Historical Context and Uses

Later, claimants were exported to South Africa, becoming the fictional form for explaining black students who acquired American degrees. American Claimants traces the figure back to lost-heir romance, and explores its uses. These encompassed real, imagined, and textual ideas of inheritance, for writers and editors, and also for missionaries, artists, and students.

Thematic Significance

The claimant dramatized tensions between tradition and change, or questions of exclusion and power: it offered ways of seeing activism, education, sculpture, and dress.

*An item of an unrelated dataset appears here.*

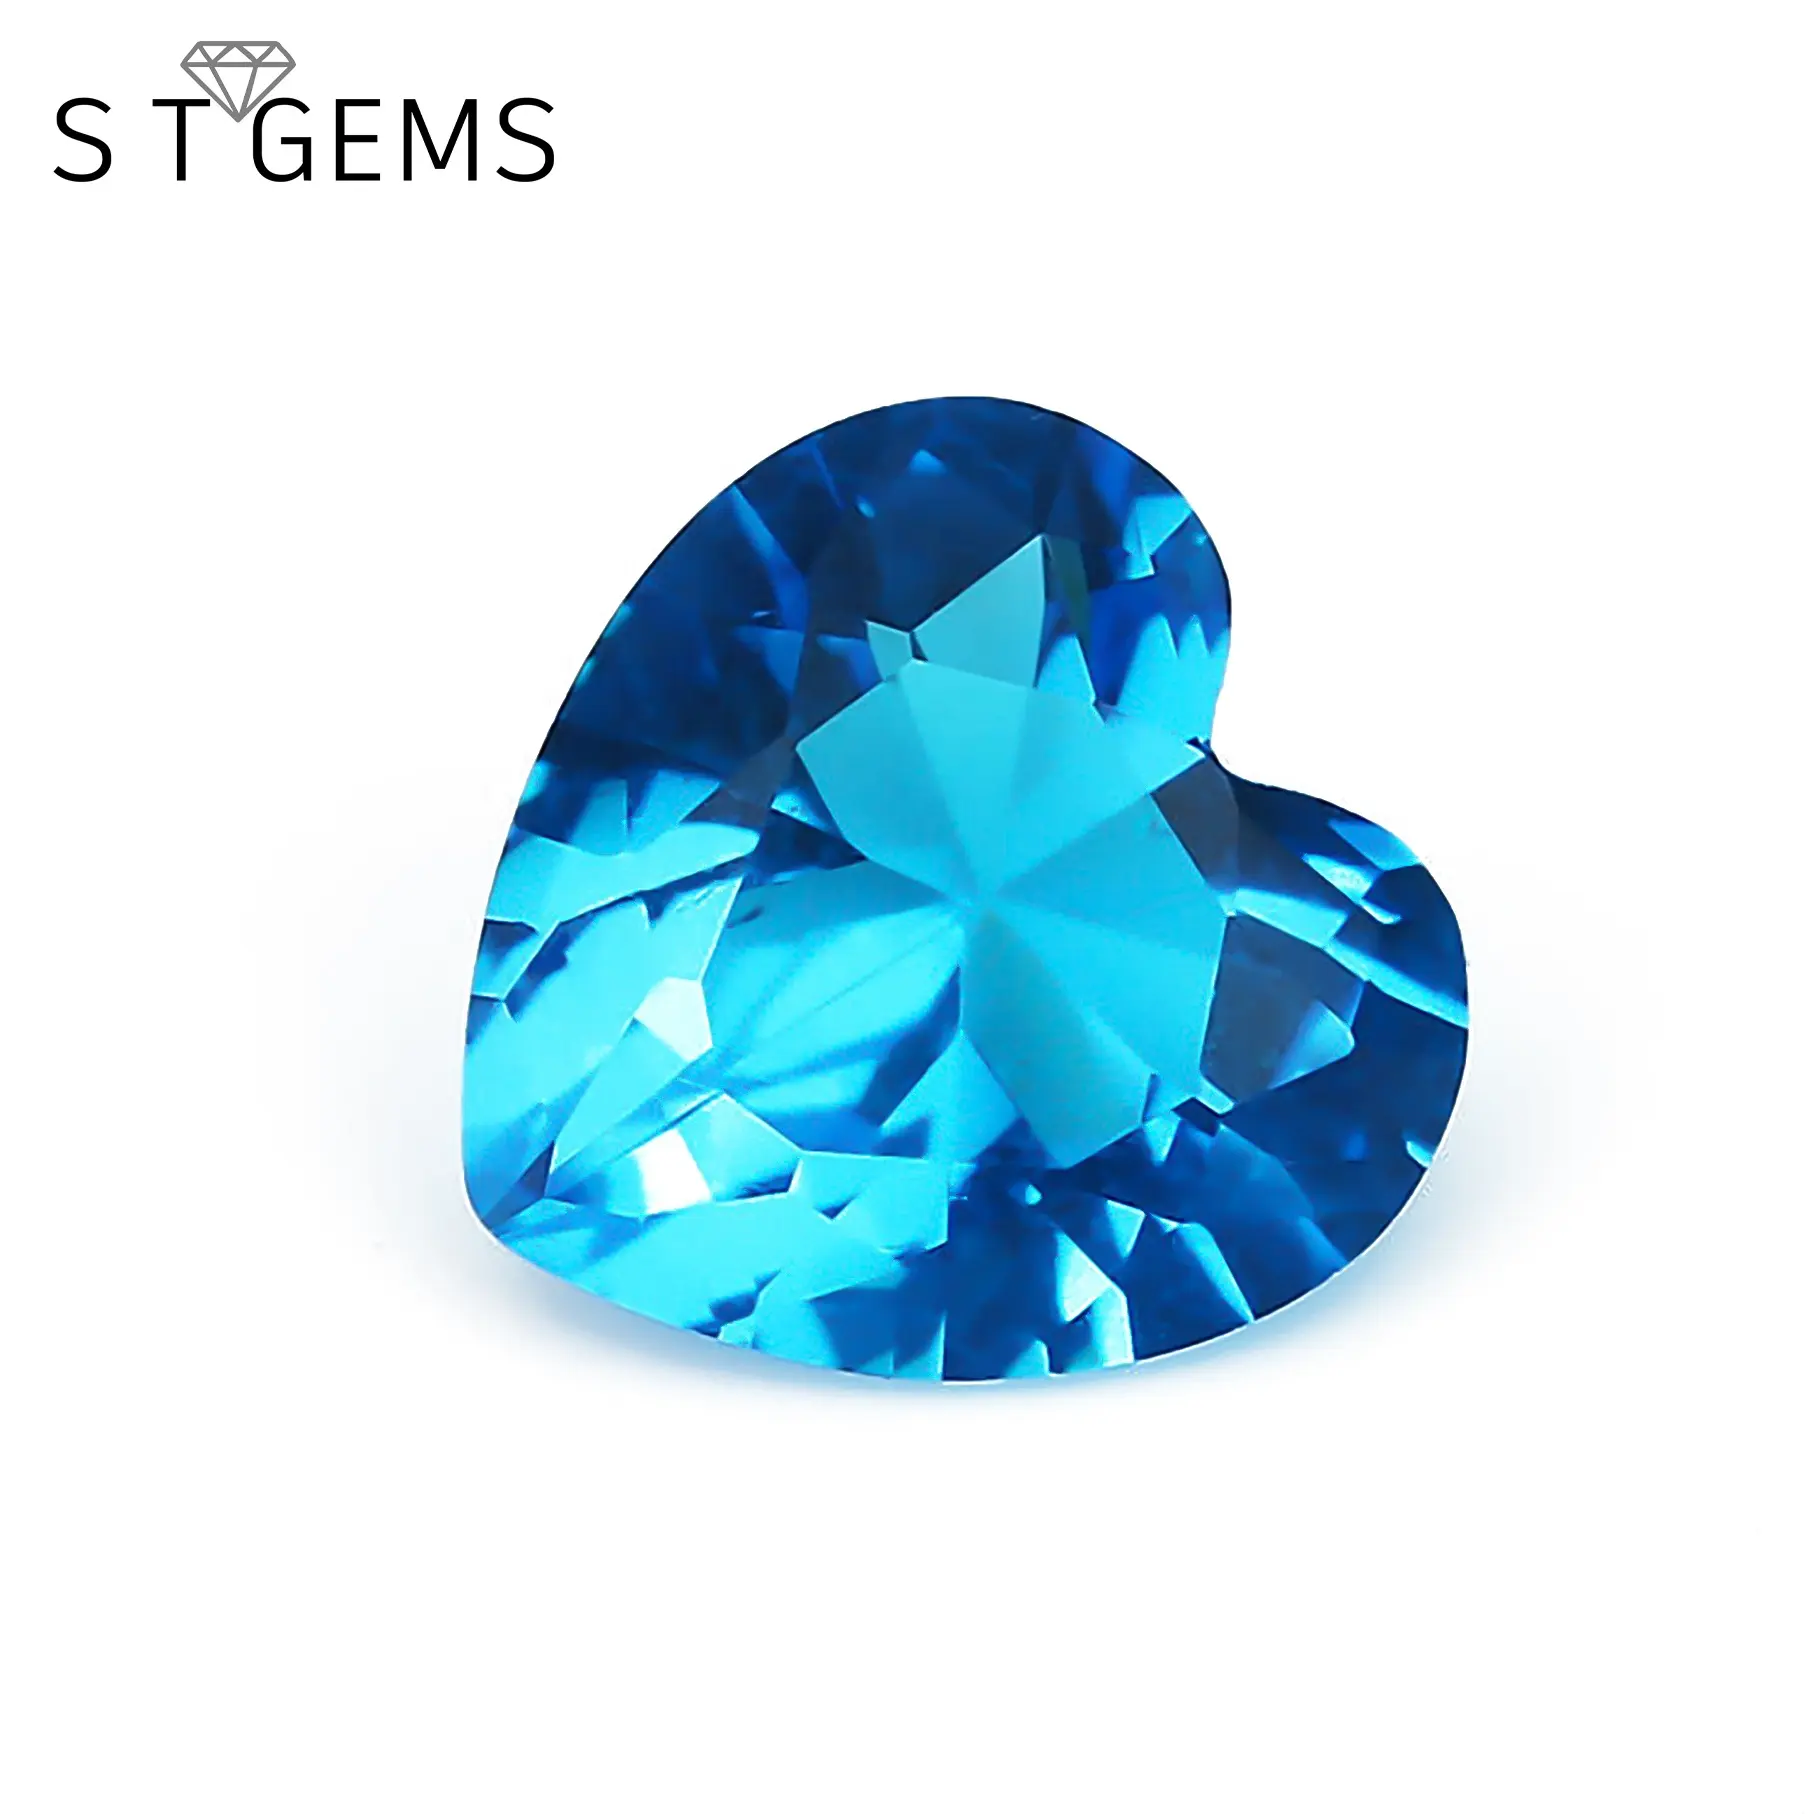 رخيصة الثمن أحجار كريمة مفكوكة القلب شكل الاصطناعية الكريستال الحجارة والزجاج للمجوهرات
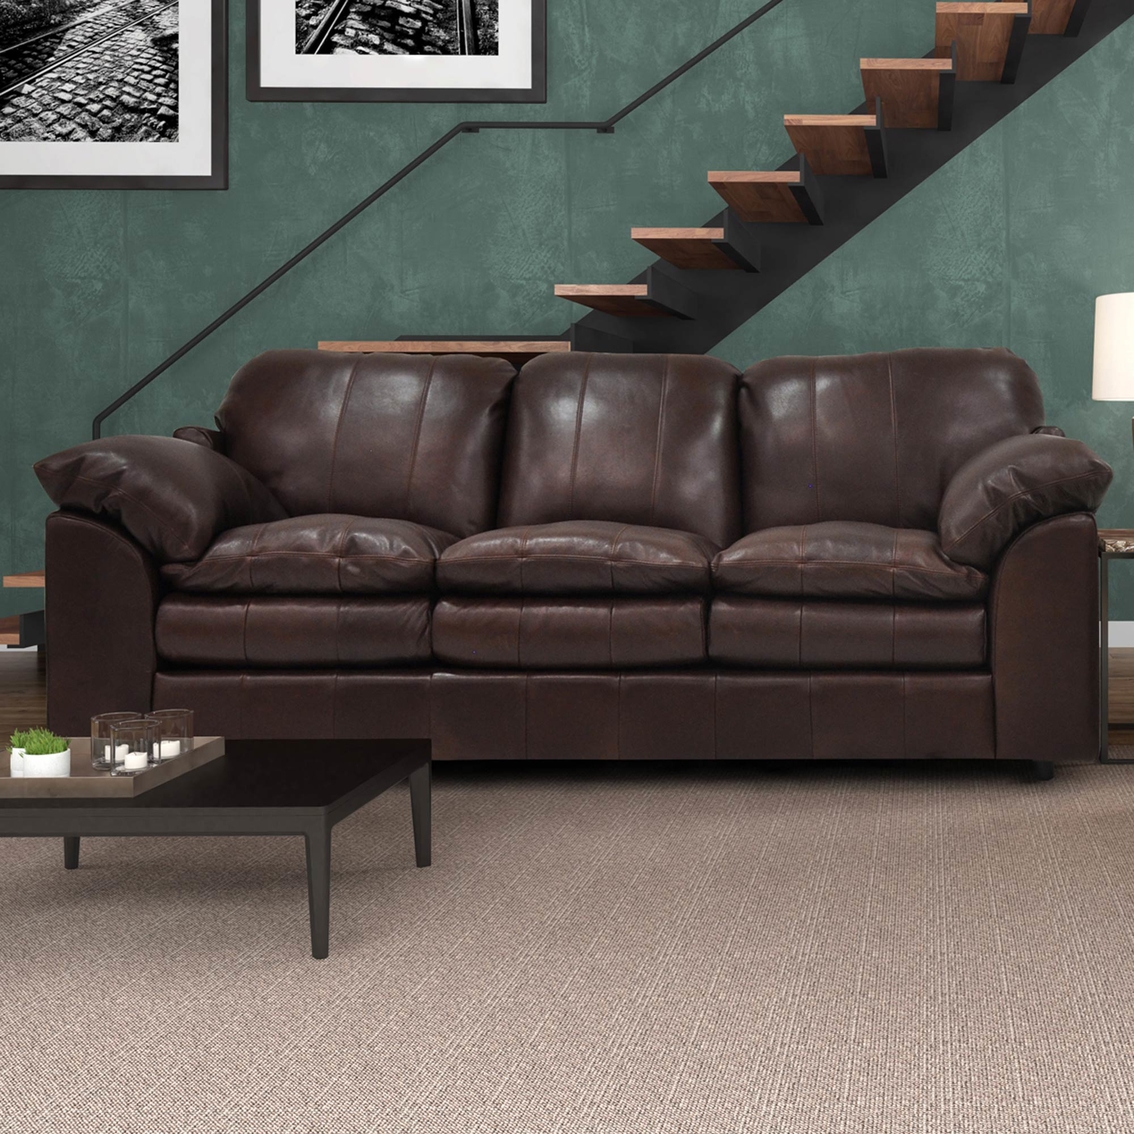 Omnia Leather Ventura Leather Sofa - Image 2 of 2

The premise for dozens of novels and plays, a trope, a joke, even the basis for real claims: claimants matter in theatre history and periodical studies, they touch on literary marketing and reprinting, and they illuminate some unexpected texts.

Examples and Notable Writers

These range from Our American Cousin to Bleak House, Little Lord Fauntleroy to Frederick Douglass's Paper; writers discussed include Frances Trollope, Julia Griffiths, Alexander Crummell, John Dube, James McCune Smith, Nathaniel Hawthorne, and Mark Twain.

Discoveries and Insights

The focus on claimants yields remarkable finds: new faces, fresh angles, a lost column, and a forgotten theatrical genre. It reveals the pervasiveness of this form, and its centrality in imagining cultural contact and exchange.